If you're a software engineer, you'll already know the benefits of being able to make precise adjustments to the state of your code with git commands. You want to learn statistics and data analysis skills from data scientists, but in doing so you should not regress to a worse style of development by starting to write much of your code in Jupyter notebooks.

And if you're a data scientist, you will want to acquire the debugging skills of software engineers. If you are not using git, you want to start learning it now.

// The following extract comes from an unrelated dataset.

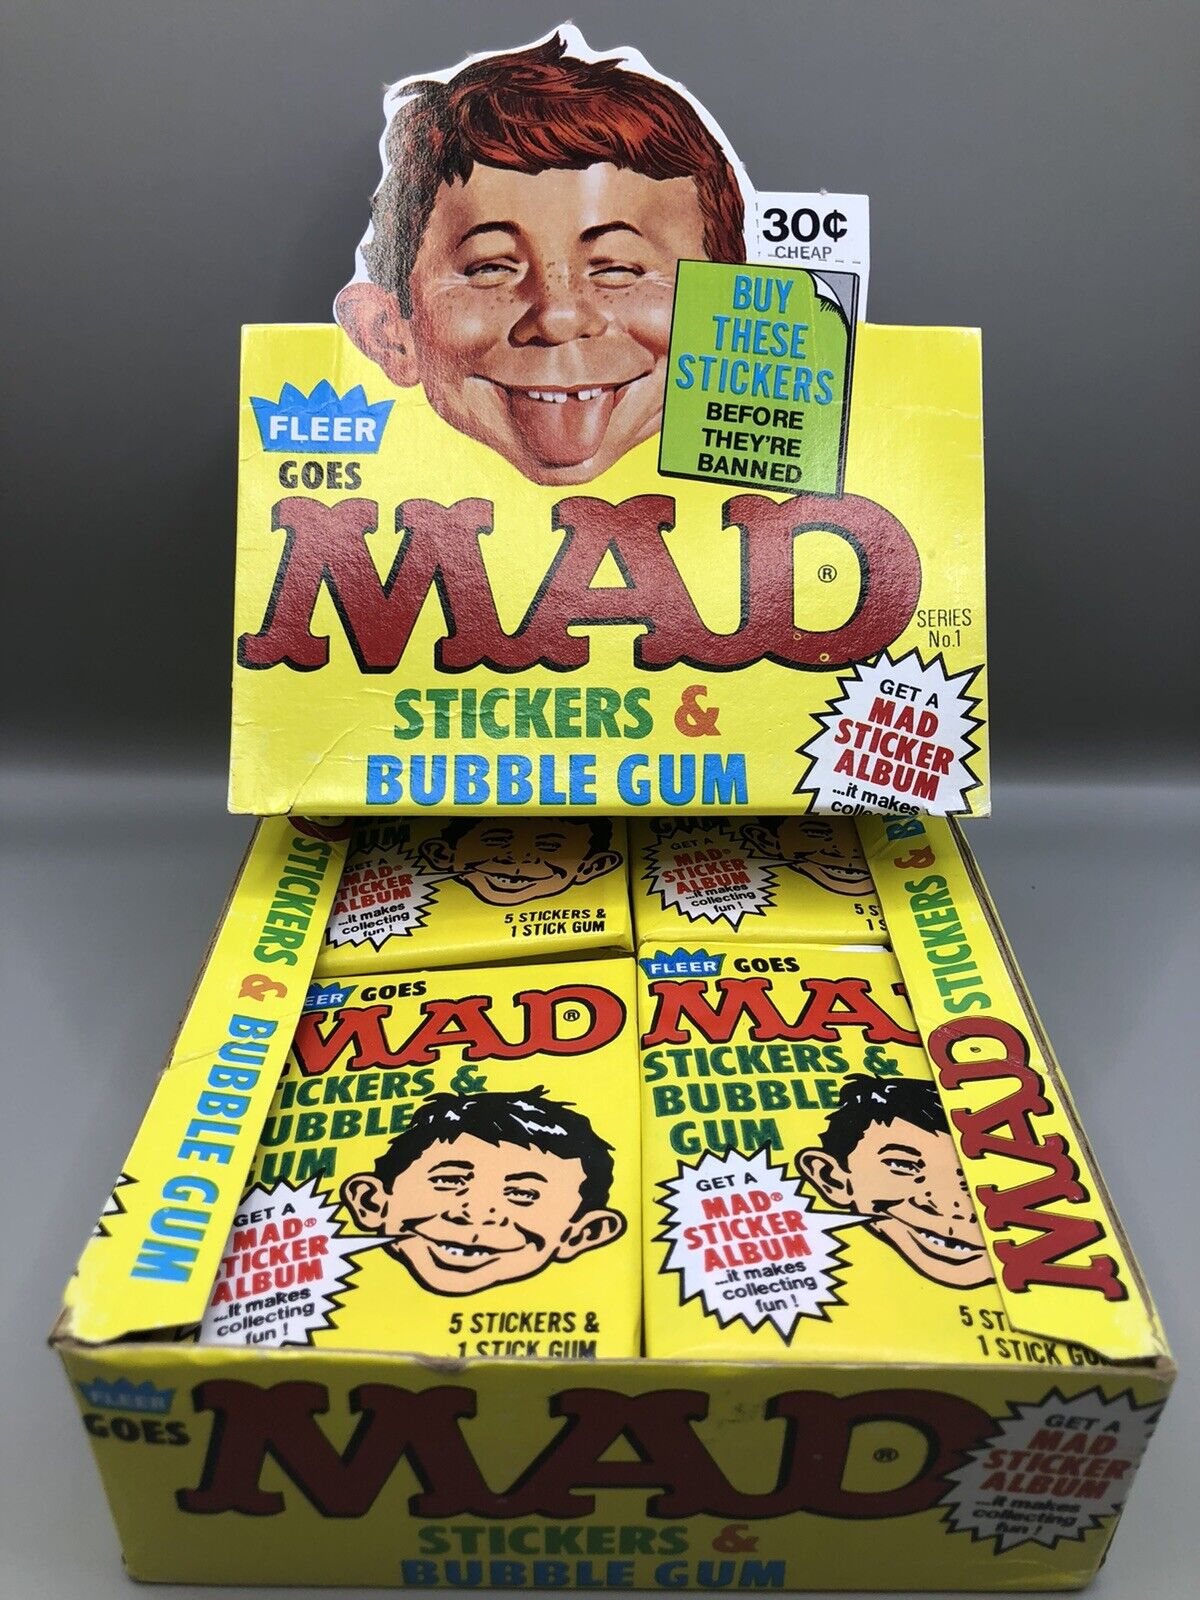 1983 Fleer Goes MAD STICKERS (1) Unopened Wax Pack. (1) Pack. Vintage Authentic
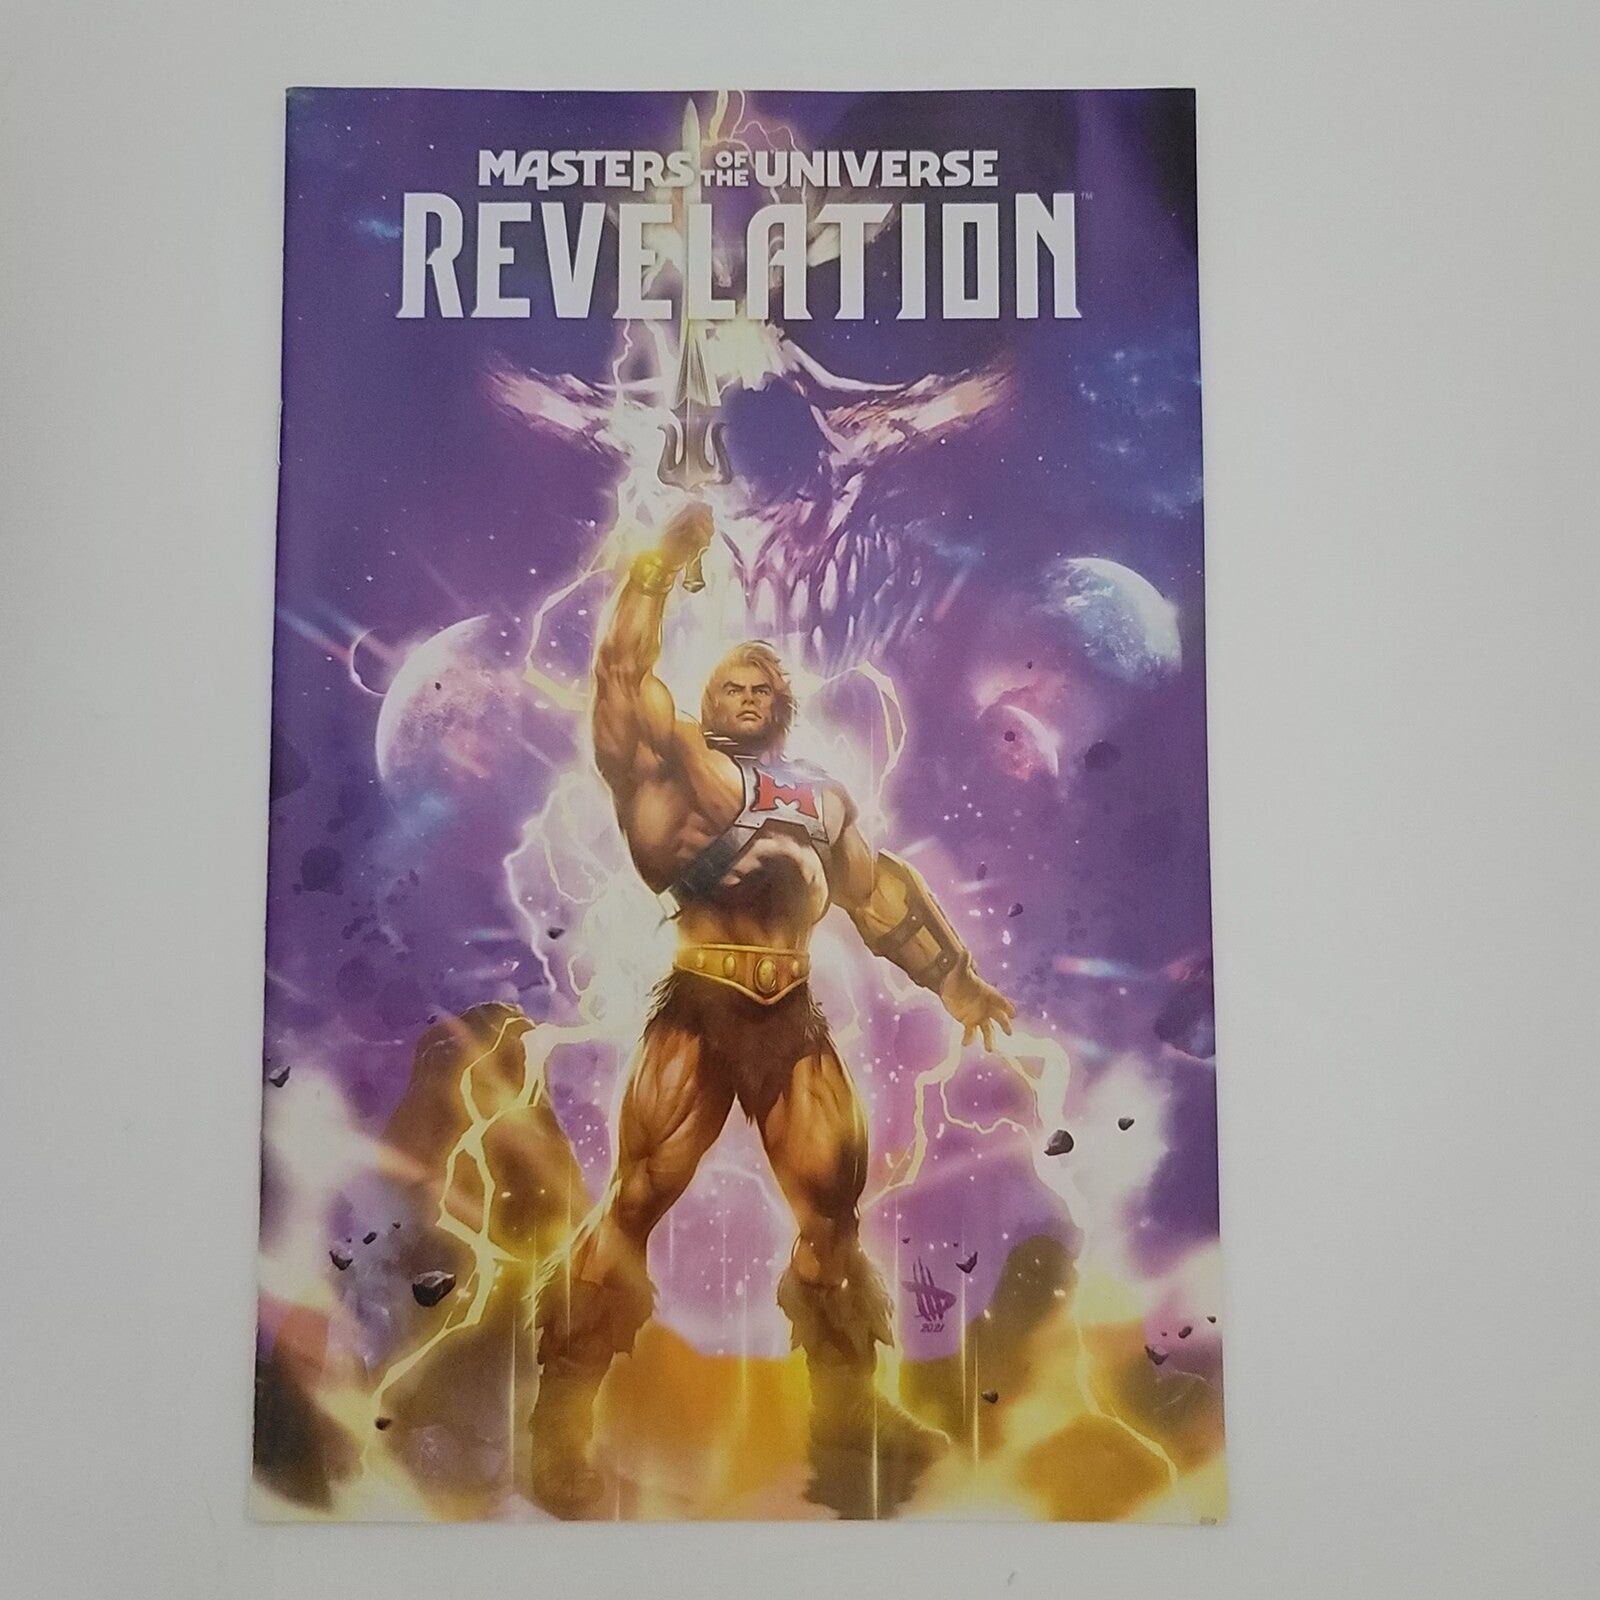 Masters of the Universe Revelation #1 Wilkins Variant Limited to 1000

Crudely, we can imagine a 2-dimensional diagram with one axis for engineering skills and another for data science skills. Everyone wants to be in the top-right quadrant. In that quadrant, version control is used, and the version control system is used for debugging. Debugging is rather important in developing all software, whether scientific/numerical or not.

So both groups should be minimizing the amount of code written in the Jupyter notebook UI: instead, write code in a standard Python package, in a virtualenv, installed in editable mode with `pip install -e`. If you need to use a notebook for graphical display, or HTML display of Pandas dataframes, or display of an audio playing widget, or any of the other amazing things it does so well then fine: use importlib.reload in your notebook to load and reload the bulk of your code from your Python package. The notebook should just feature calls to plotting routines etc that you have implemented in standard code files using your text editor/IDE. You could even aim for your notebook to contain so few lines of code that in some projects you might not even bother committing it.

Are there projects to integrate notebooks with version control?

There are a few efforts on this front. Here are two that I know of for JupyterLab:

https://github.com/jupyterlab/jupyterlab-git

https://github.com/elyra-ai/elyra#notebook-versioning-based-...